The reason this bike caught my eye was the Sun Tour bar end shifters ("Barcons").  One rarely sees them on any bike parked on a New York street, and they certainly were not original equipment on the bike.  More likely, the bike had shifters on the down tube or handlebar stem, and they probably would have been made by Huret, the manufacturer of the "Svelto" derailleur that probably is orignial equipment.




Seeing Weinmann "Vainqueur" centerpull brakes on a French bike is not unusual. However, if you look closely, you will see that the "yoke" that pulls on the straddle cable is not Weinmann's.  This one looks clunkier, and the cable hangers on the steerer tube and seat bolt are thinner than the ones that usually came with Weinmann brakes.  The hangers look like they could be Mafac, but may have been from CLB, whose  brakes and fitments (except for their later "Professional" sidepulls) looked like cruder versions of Mafac's offerings.

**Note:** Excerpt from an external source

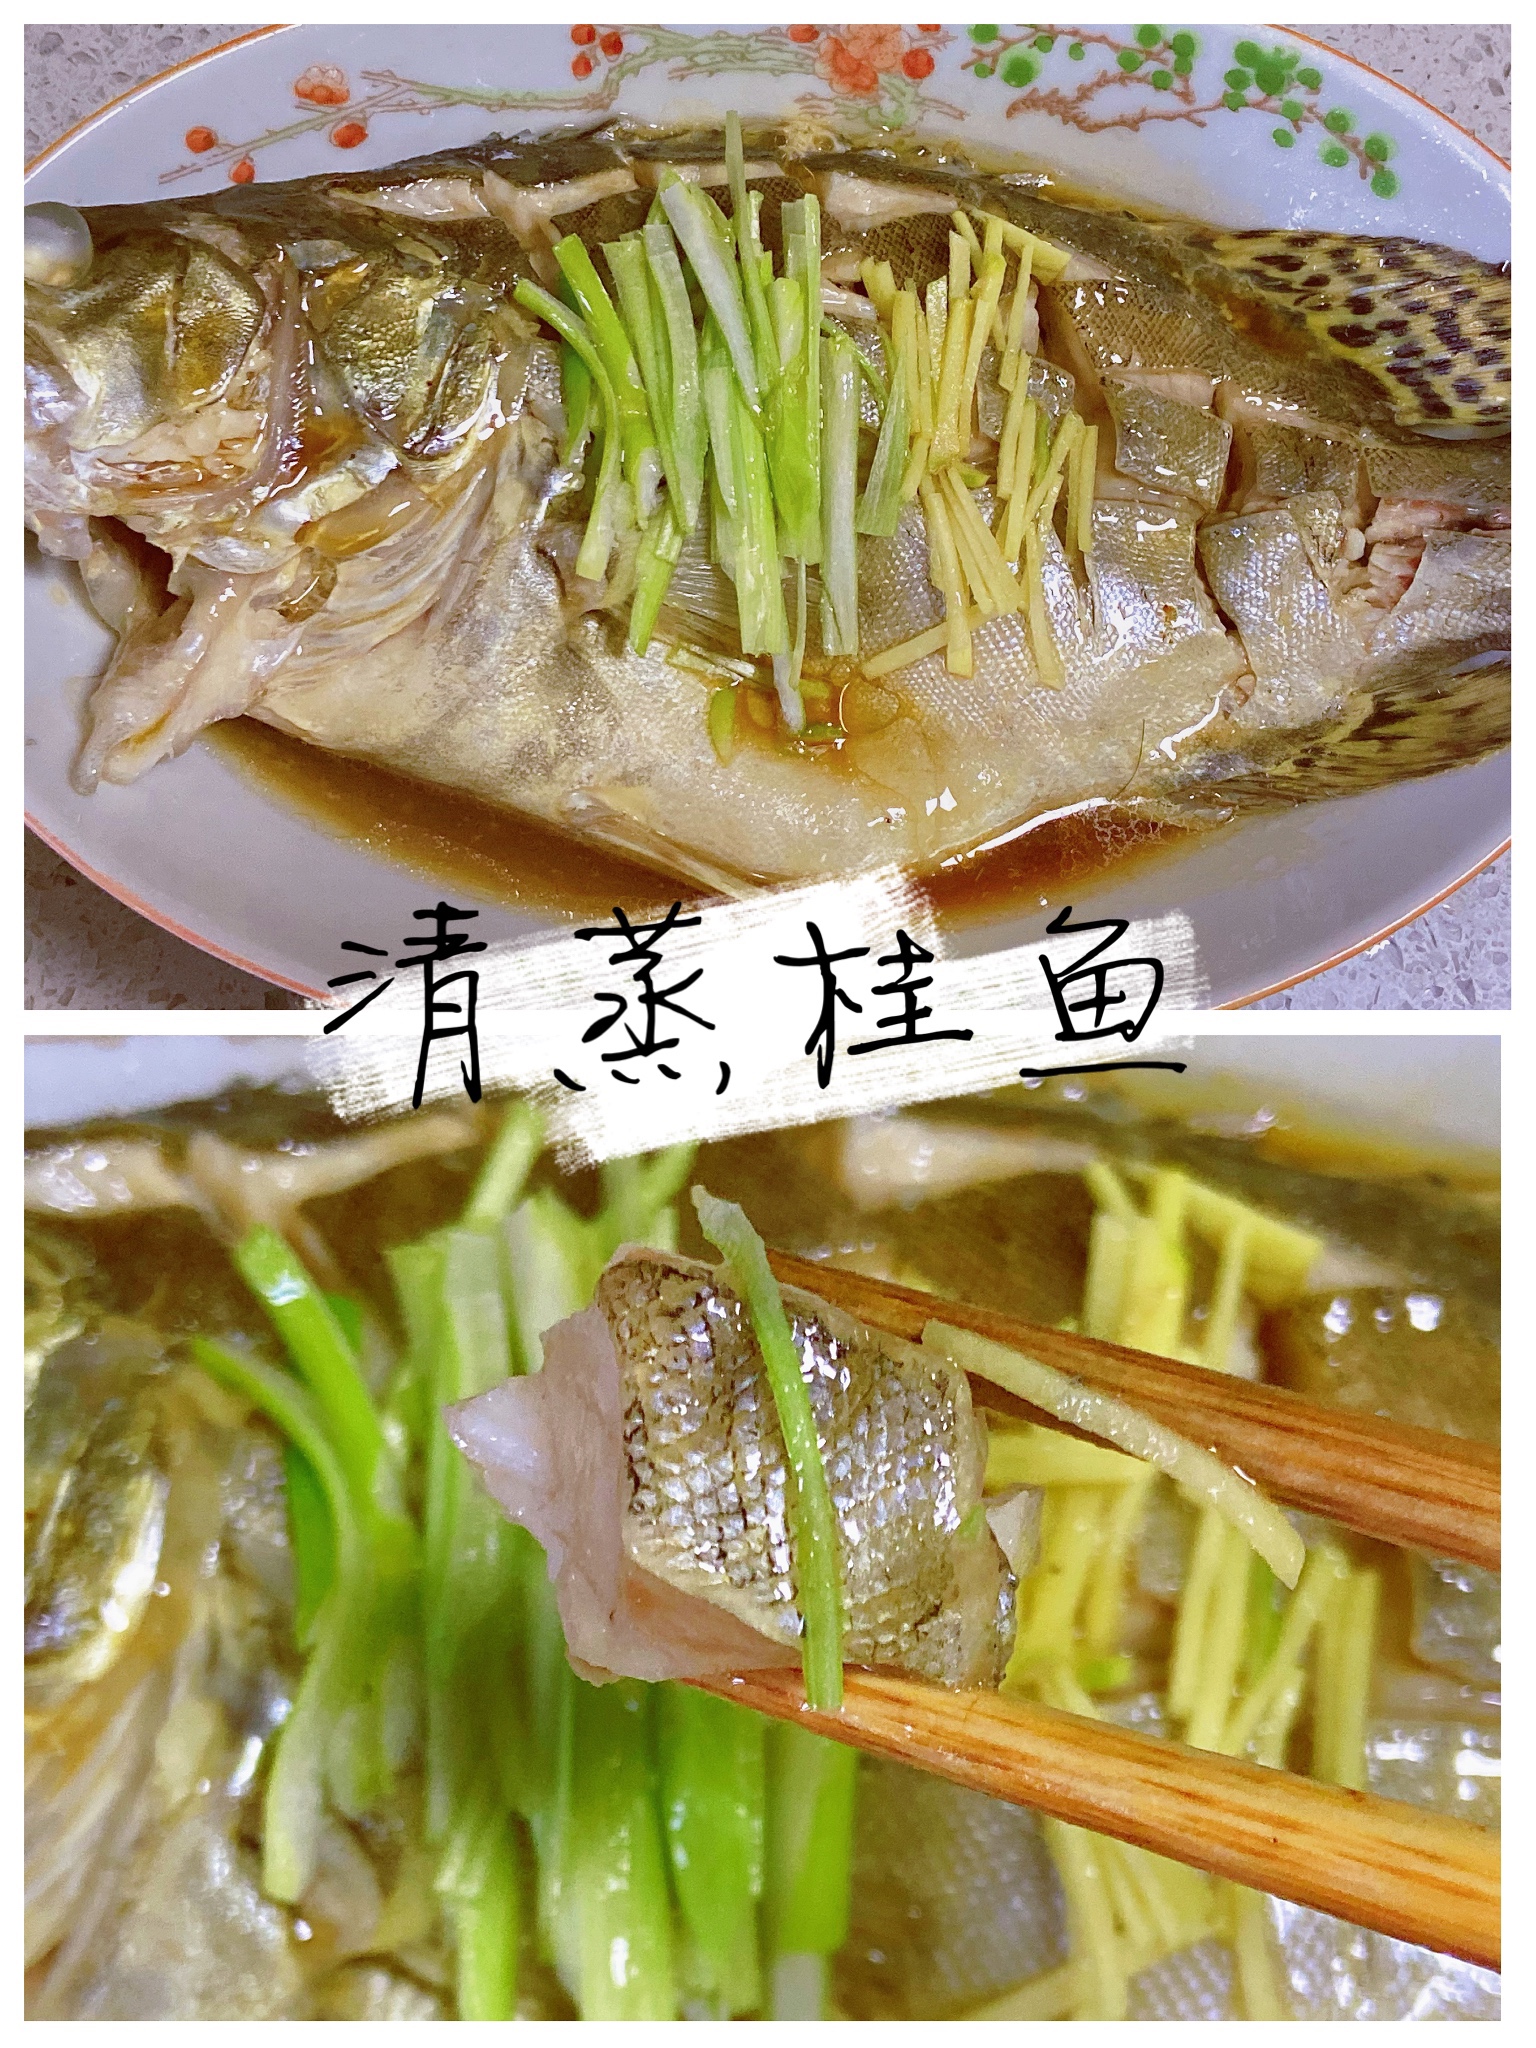 ✅第12道减脂菜✨鲜嫩营养的清蒸桂鱼🐟的做法

I am guessing that someone simply replaced parts as they needed replacing, or simply didn't have the money to do a complete "makeover".  (I mean, what else would explain such good shift levers with such ordinary derailleurs?)  I am also guessing that whoever rides the bike now "inherited" it from somebody and has no idea of what I'm talking about.

The same might be said for this bike parked a few blocks away:





It's the first time I've seen a Royce Union--or, for that matter, any bike with a chainguard like that--in such a color.






It looks like the same model as (or one similar to) the Royce Union three-speed my grandfather gave me about three years before I could ride it. Like my old bike, it was made in Japan.  But the color--and the head tube that could have passed for aluminum if not for the rust spots--reminded me of a bike I often saw a couple of decades later:




The Vitus 979 was, of course, one of the first widely-ridden aluminum frames.  It was available in anodized blue, green, gold, red, purple and the pink shown in the above photo.  As much as I love the other colors, whenever someone mentions the Vitus 979, that rose hue is the first that comes to my mind.




Somehow I doubt that the Royce Union came with such a finish.  I suspect that the bike had once been purple or magenta, or perhaps even red, and had faded--a common fate for the paint on Japanese bikes of the time.

At least it's being used, or looks as if it is, if not by its original owner--who may or may not have lived in the neighborhood the night the lights went out.